Financial Innovations in Kenya 
Kenya has experienced phenomenal growth in financial innovations in the last ten years and some of these innovations have positioned the country as a global leader especially in mobile money innovations (Demirgüç-Kunt & Klapper, 2012). The country’s Sub-Saharan Africa leadership in technological innovations has served to cement Kenya’s leadership in the technologically driven and technology dependent financial innovations. The regulatory framework in the banking and telecommunications sectors strongly supports these innovations. 

Statement of the Problem 
It is important to understand the effect of financial innovation on money demand and supply in Kenya since its instability is a major cause of economic crises. This study aimed at investigating empirically the effect of financial innovation on money demand and supply in Kenya. Earlier studies used the number of M-pesa and the number of ATMs as a measure of financial innovation. This might lead to incorrect results since not all people with registered M-pesa accounts and ATM cards do the transactions using them. Some might obtain the ATM card but does not do any transaction using it. The same applies to some people with registered M-pesa accounts.

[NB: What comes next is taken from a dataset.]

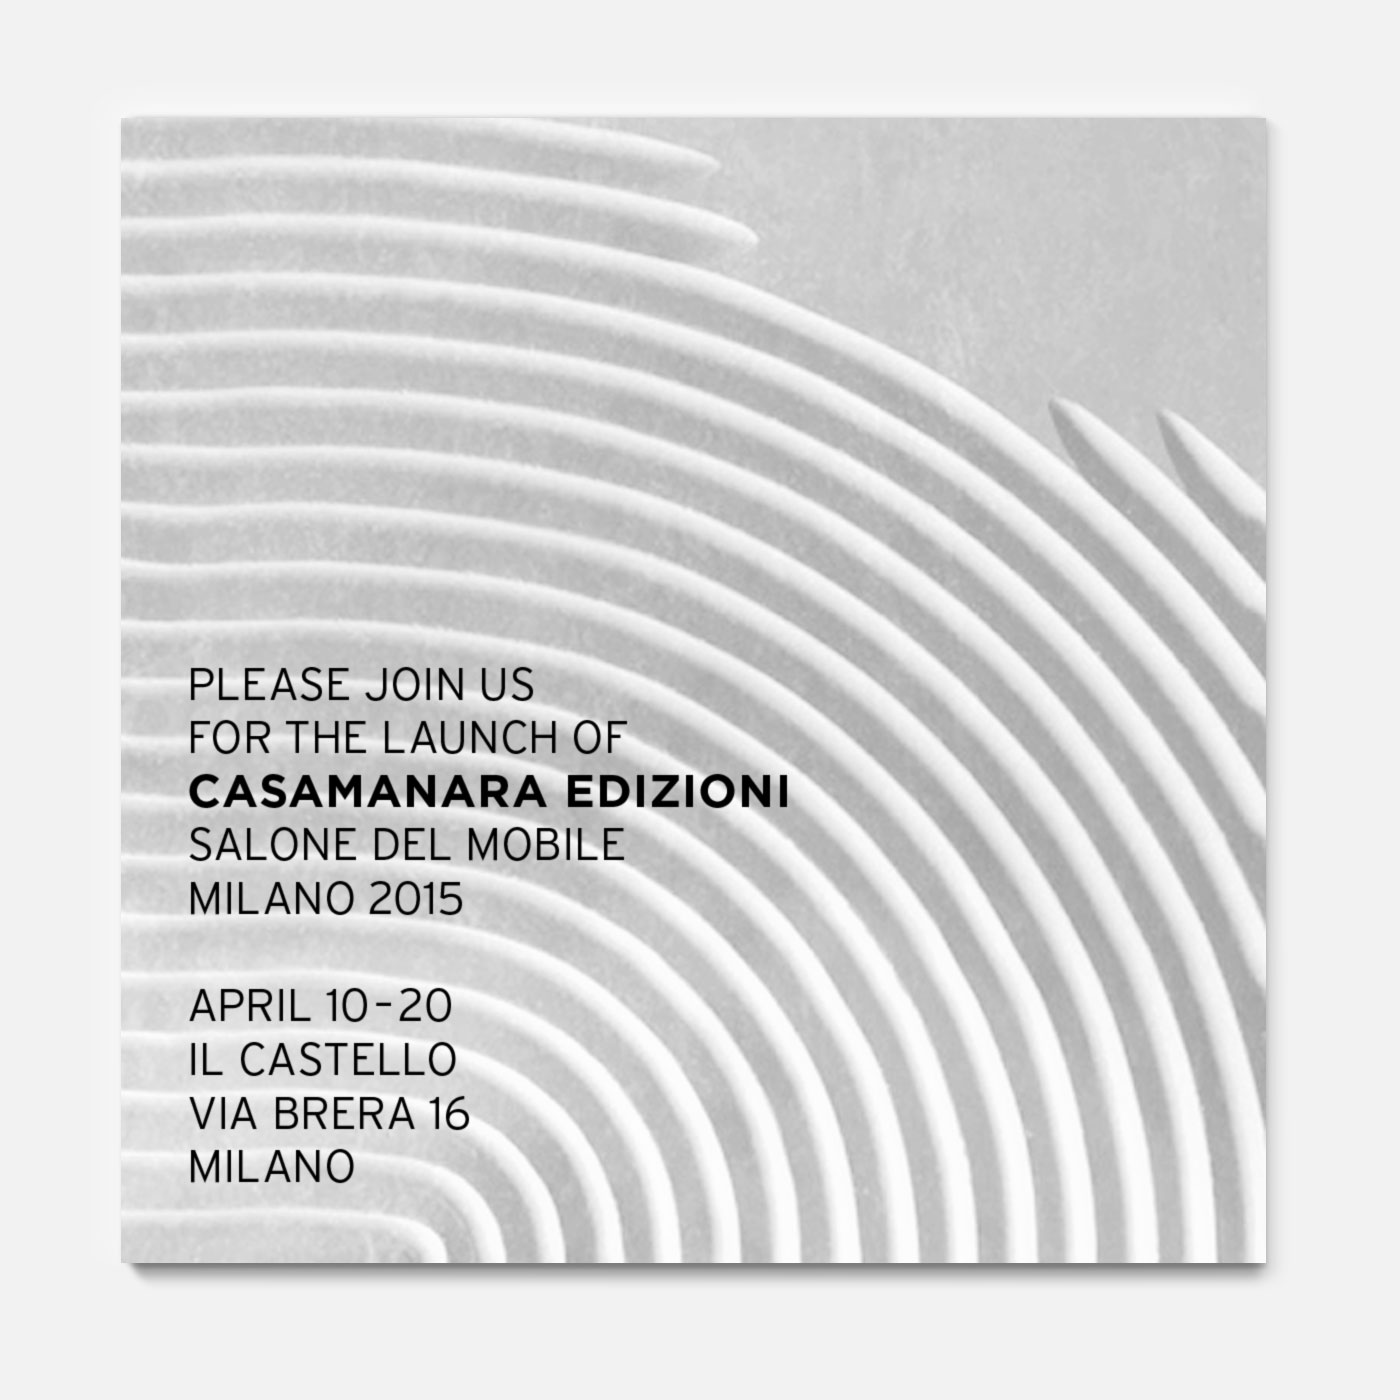 Casamanara Edizioni Back

In addition, most studies have been biased towards money demand ignoring money supply side yet it is also affected by the financial innovation through money multiplier and subsequently affecting money supply and monetary policies. A good economy is the one with Money demand and supply at equilibrium. Distortion of either money demand or money supply leads to negative effects such as inflation and ineffective monitory tools. It is therefore important to consider both money demand and money supply and how they are affected by financial innovation. 

This study sought to overcome the above challenges by using the Volume of M-pesa transactions and volume of ATMs transactions to capture the real effect of financial innovation on money demand and supply in Kenya. The study also considered both money demand and supply on Kenyan economy.